The Washington Post

Complex calculations behind the Wal-Mart vote

Opponents David Catania (left), Muriel Bowser and Tommy Wells confer as Vincent Orange (not pictured) defends the bill to force large retail stores to pay higher wages. (Bill O’Leary/The Washington Post)

Wednesday’s vote on the District’s new “living wage” law had about a decade of history behind it.

Council Chairman Phil Mendelson (D), a longtime friend of labor, has tried several times to pass a bill mandating a higher minimum wages for big box stores. In the past, they’ve been almost symbolic efforts, a duty to the unions who knew they didn’t really have a chance.

As Wal-Mart announced plans for store after store last year, with little resistance from the D.C. Council and and no binding community benefits agreement, it appeared that the company’s triumph was complete.

And yet, when the final vote came on a bill that would require retailers with more than a billion dollars in sales and operating in spaces larger than 75,000 square feet to pay a minimum wage 50 percent higher than the District currently mandates, eight council members voted yes.

Several of the votes were predictable: Council member Muriel Bowser (D-Ward 4), for example, has two Wal-Marts coming to her ward, and is conscious that Wegman’s — the New York-based grocery emporium highly coveted by local leaders — wouldn’t come to an open development site at Walter Reed if it were required to pay a starting wage of $12.50 an hour. On the other side, colleagues Marion Barry (D-Ward 8) and Jim Graham (D-Ward 1) are reliable union allies.

Council member Vincent Orange (D-At Large) surprised many Wilson Building watchers when he pushed for the bill since during his first stint on the council representing Ward 5, he was more pro-big box than anyone. But big business abandoned him in his last election, spooked by his link to a campaign controversy, leaving him to find a new constituency to maintain his citywide perch. With such recent proposals as a moratorium on speed cameras and the living-wage bill, he has a populist drum to beat on the stump.

Mayoral candidate Jack Evans (D-Ward 2), who frequently berates the council for being anti-business, justified his vote in favor of the living wage bill by saying that he’d traded it for a lower sales tax in the budget. It’s a calculated step: While telling labor he’s got their backs, he’s also telling business he doesn’t much care for the legislation. And now he has more leverage as finance chairman to offer tax breaks to businesses who find the higher minimum wage burdensome. “I think that he’s thinking the real reason businesses come to the city is that there are other incentives in place,” said Mike Wilson, the legislative campaigner for the United Food and Commercial Workers Union.

Wal-Mart is adamant that it can’t pay a minimum wage of $12.50 but also says that it pays an average retail employee wage of $12.67 nationwide. Also, under the bill, it’s actually a wage rate, which means benefits would be included, and the wage would likely be lower. It seems Wal-Mart didn’t want to set a precedent for jurisdictions nationwide that might consider doing something similar.
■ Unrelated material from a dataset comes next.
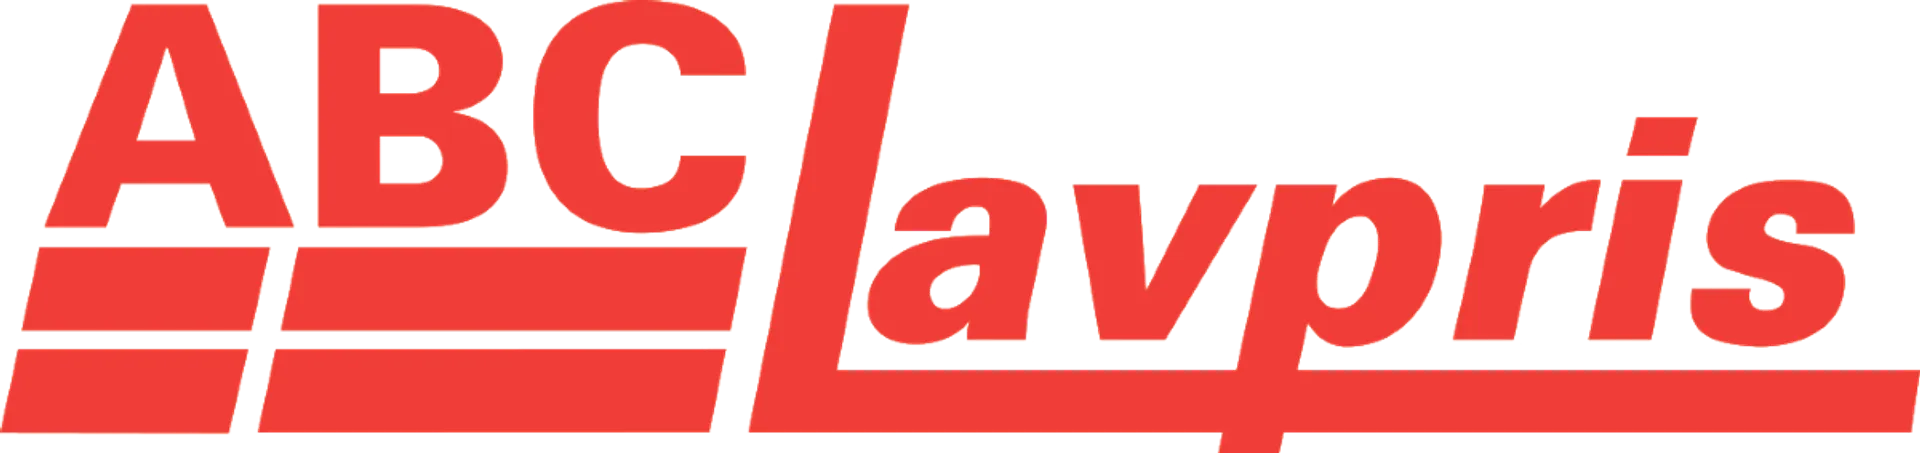 ABC LAVPRIS logo

After all, if this thing metastasized, it could end up costing the company billions in profit.

Labor leaders, which drafted the bill originally, met with Wal-Mart representatives to say they would pull the bill if Wal-Mart agreed to collective bargaining. Predictably, the mega-retailer said no. “They pulled out all the stops and said this is our number one priority,” said a council staffer who requested anonymity to speak freely. “And when all labor pulls in one direction, that is a powerful thing in this council.”

If the measure stands, whether or not Wal-Mart follows through on its threat to leave D.C., unions will have avoided their nightmare scenario: Having a low-wage, non-union competitor figuring into future bargaining sessions with the area’s unionized grocers. “Giant and Safeway will then be saying we’re losing money, we need givebacks from the workers,” said Joslyn N. Williams, president of the Metropolitan Washington Council, AFL-CIO.

All of this, of course, depends on what Gray decides to do. He came to power with labor’s help, and then turned around and made Wal-Mart a cornerstone of his economic development strategy — he cares deeply about the success of Skyland Town Center, which won’t happen if Wal-Mart pulls out. Like nearly everyone else in this debate, he’s also likely running for mayor.

Which still may not mean this never-ending game is over.

Lydia DePillis is a reporter focusing on labor, business, and housing. She previously worked at The New Republic and the Washington City Paper. She's from Seattle.